The EPRS assessment found that the Commission proposal could have an impact on the generation of European added value, with particular reference to three of the identified shortcomings. Firstly, the scope of eligible companies is broad, without ensuring a clear and consistent definition. Secondly, the proposed ‘dual-track’ system could vary across Member States, reducing legal certainty for investors and restricting possibilities for cross-border scale-up of innovative companies. Finally, there is a lack of measures to establish a specialised dispute resolution mechanism.

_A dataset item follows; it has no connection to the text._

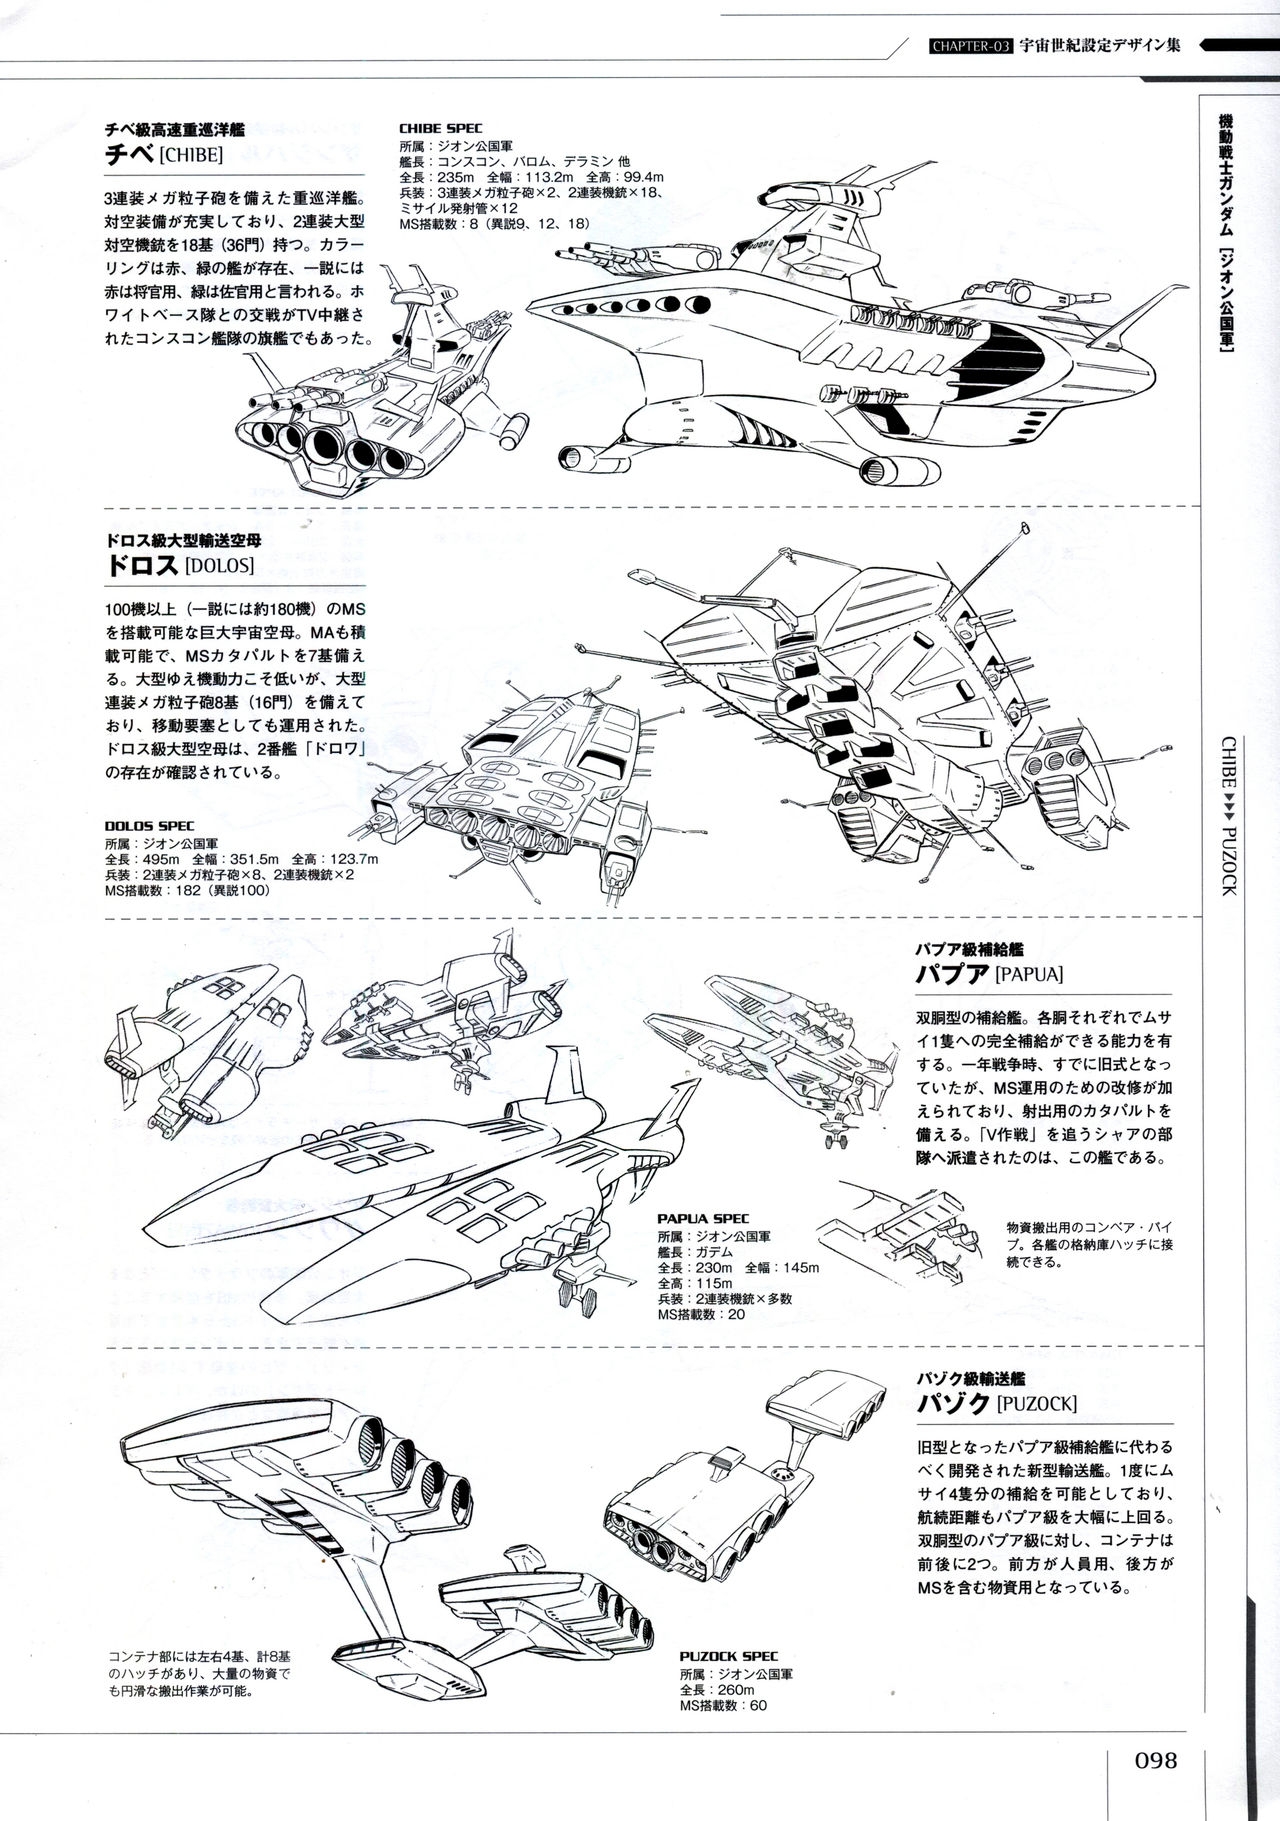 Mobile Suit Gundam - Ship & Aerospace Plane Encyclopedia - Revised Edition 103

Ultimately, the Commission proposal focuses on company law and operations while Parliament takes a broader view, considering the need to support the entire ecosystem around innovative companies, including labour law, investment, and cross-border scale up.

The 28th regime is a key measure in the European Commission’s 2025 competitiveness compass; an economic framework which aims to close the innovation gap, decarbonise the economy and reduce foreign dependencies. The need for such a comprehensive legal framework was highlighted by the 2024 Letta and Draghi reports. Its objective is to create a uniform set of rules for companies applicable across the EU, simplifying the legal framework to facilitate the competitiveness of businesses and start-ups operating in the single market.

The Commission envisages that it should be possible to establish a company under the 28th regime within 48 hours, which EPRS predicts could lead to an increase in venture capital invested in European companies of about €445 billion, thus supporting the potential of European start-ups to grow and scale-up in Europe.